Ne vous jetez pas immédiatement et sans réfléchir sur les micro-paiements ou la publicité pour rentabiliser votre jeu web. Vous risquez de rater d’autres moyens, parfois bien plus rentables (et fair-play).

Le Freemium n’est pas un moyen de monétisation

Le Freemium (Free2Play) n’est pas un moyen de financer son jeu (comme le décrit “The reality of Freemium”, par Sixteen Ventures), car seule sa partie Premium le peut. Si vous voulez rentabiliser votre jeu, vous devez donc trouver de vraies rentrées d’argent et non consacrer votre temps à des joueurs qui ne paieront pas, sauf si ces derniers apportent quelque chose au jeu ou à ce qui l’entoure (= paiement “indirect” de la part de ces joueurs).

Un appel du pied

Le seul but possible du Freemium est en fait d’ouvrir les portes d’un marché. Proposer quelque chose de gratuit est souvent un moyen simple d’atteindre sa cible de joueurs. Néanmoins, il sera toujours difficile de basculer sur quelque chose de payant car les joueurs risquent de se sentir arnaqués (si ce n’était pas clairement indiqué dès le départ) ou de se tourner vers la prochaine solution d’un autre créateur de jeu qui démarrera en Freemium lui aussi.
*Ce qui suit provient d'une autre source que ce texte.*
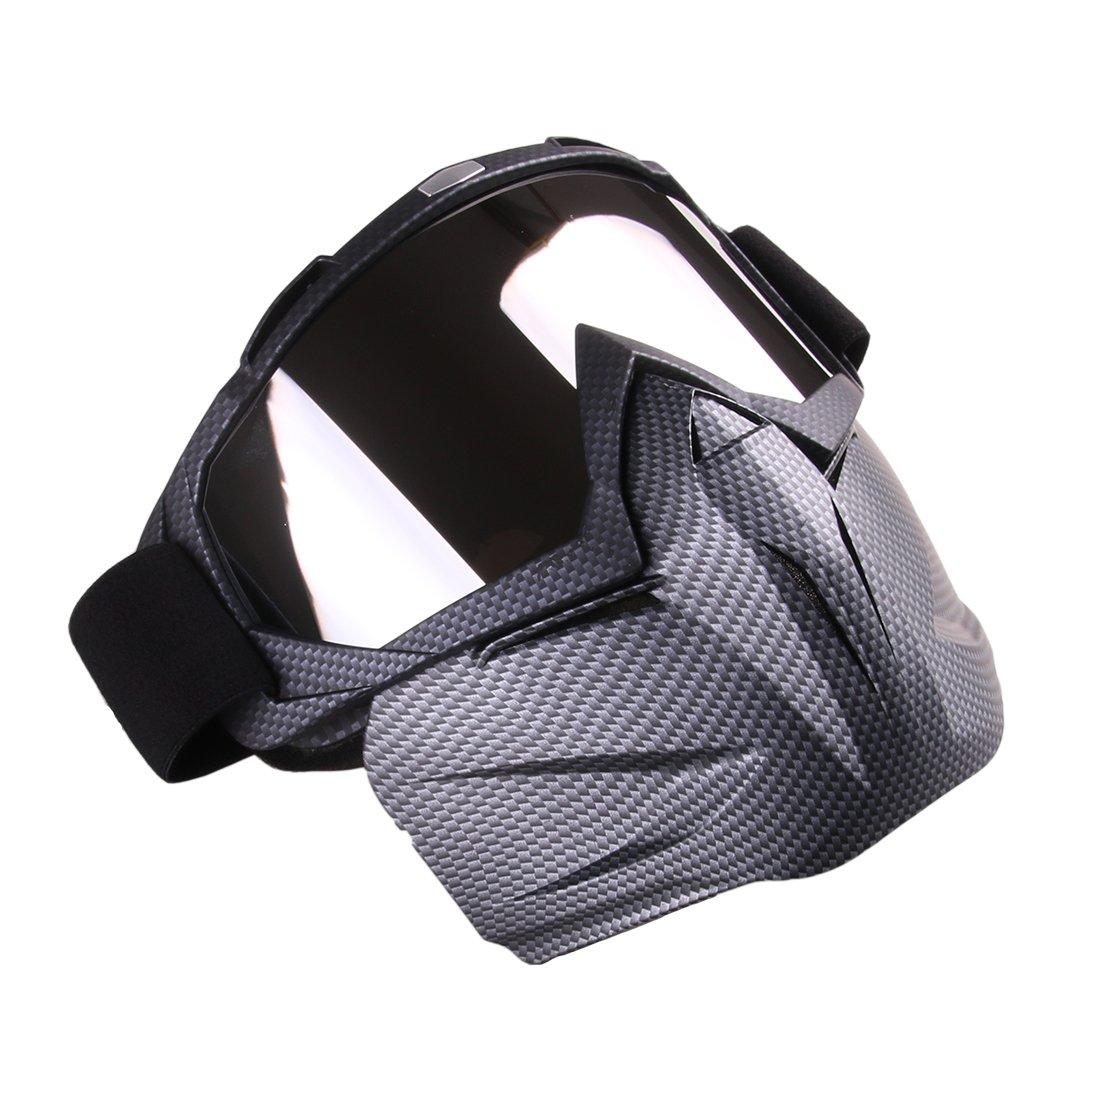 lommer desmontable Espejo Estilo protecci/ón m/áscara facial m/áscara t/áctica M/áscara Gafas para Nerf paintball y CS parte M/áscara Airsoft

Un Freemium est une dépense pour vous, et non une recette.

Si vous estimez que seul le Freemium peut monétiser votre jeu web, alors posez-vous les questions suivantes: Si personne ne veut payer pour ce jeu, est-il vraiment intéressant? (= Pourquoi ma cible paierait-elle si le jeu de base est gratuit?) Les joueurs gratuits et payants sont-ils en concurrence (parfois déloyale)? Cela va-t-il tuer le jeu à terme? Si personne ne bascule Premium, pourrai-je rentrer dans mes frais quand même?

La publicité

La publicité est souvent le premier moyen auquel pensent les créateurs de jeu. Se voulant facile à mettre en place, elle est censé rapporter gros (les applications mobiles adorent cela!) sans que quiconque ne dépense le moindre centime. Néanmoins, la publicité rapporte finalement très peu, à moins d’avoir une très forte audience de jeu (ou un budget marketing pour… acheter de la pub!), ainsi qu’un jeu accessible aux robots d’indexation (Google vérifie que les sites utilisant AdSense soient de vrais sites, atteignables et utilisables, et non des “usines à clic pour pub”). Personnellement, je déconseille cette approche, ne serait-ce qu’à cause de la part d’AdBlockers chez les férus du web et même au delà, chez tous les Français. Sans compter que ces publicités peuvent nuire à l’image de votre jeu, ou poser des problèmes d’éthique (pistage des joueurs).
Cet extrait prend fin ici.